The aim is to take a single protein and follow through an analysis that maximises our understanding of the protein it encodes. Starting with a gene sequence, we can determine the protein sequence with strong certainty. From there, prediction algorithms can be used to calculate the structure adopted by the protein. Geometry calculations can define the shape of the protein’s surface and molecular simulations can determine the force fields surrounding the molecule. Finally, using docking algorithms, one could identify or design ligands that may bind the protein, paving the way for designing a drug that specifically alters the protein’s function. In practise, the intermediate steps are still difficult to achieve accurately, and they are best combined with experimental methods to obtain some of the data, for example characterising the structure of the protein of interest. The aims of the second dimension, the breadth in biological analysis, is to compare a gene with others. Initially, simple algorithms can be used to compare the sequences and structures of a pair of related proteins. With a larger number of proteins, improved algorithms can be used to produce multiple alignments, and extract sequence patterns or structural templates that define a family of proteins. Using this data, it is also possible to construct phylogenetic trees to trace the evolutionary path of proteins. Finally, with even more data, the information must be stored in large-scale databases. Comparisons become more complex, requiring multiple scoring schemes, and we are able to conduct genomic scale censuses that provide comprehensive statistical accounts of protein features, such as the abundance of particular structures or functions in different genomes. It also allows us to build phylogenetic trees that trace the evolution of whole organisms.

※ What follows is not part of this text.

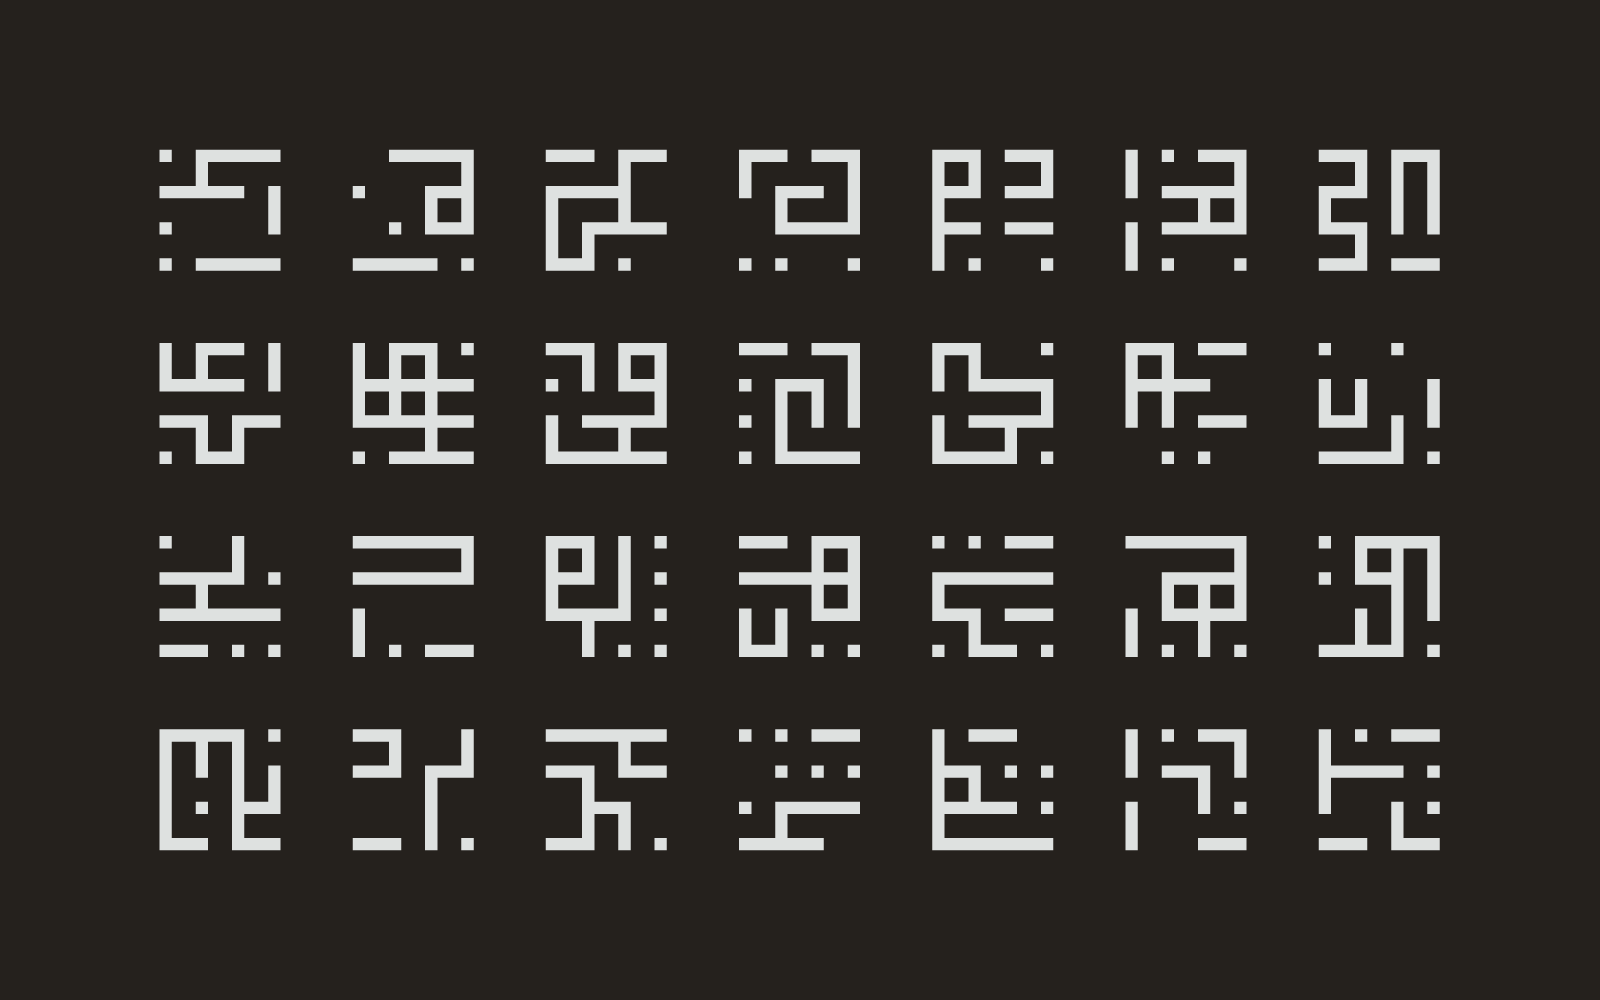 Processing Runes 1

Fig. 1. Paradigm shifts during the past couple of decades have taken much of biology away from the laboratory bench and have allowed the integration of other scientific disciplines, specifically computing. The result is an expansion of biological research in breadth and depth. The vertical axis demonstrates how bioinformatics can aid rational drug design with minimal work in the wet lab. Starting with a single gene sequence, we can determine with strong certainty, the protein sequence. From there, we can determine the structure using structure prediction techniques. With geometry calculations, we can further resolve the protein’s surface and through molecular simulation determine the force fields surrounding the molecule. Finally docking algorithms can provide predictions of the ligands that will bind on the protein surface, thus paving the way for the design of a drug specific to that molecule. The horizontal axis shows how the influx of biological data and advances in computer technology have broadened the scope of biology. Initially with a pair of proteins, we can make comparisons between the between sequences and structures of evolutionary related proteins. With more data, algorithms for multiple alignments of several proteins become necessary. Using multiple sequences, we can also create phylogenetic trees to trace the evolutionary development of the proteins in question. Finally, with the deluge of data we currently face, we need to construct large databases to store, view and deconstruct the information. Alignments now become more complex, requiring sophisticated scoring schemes and there is enough data to compile a genome census – a genomic equivalent of a population census – providing comprehensive statistical accounting of protein features in genomes.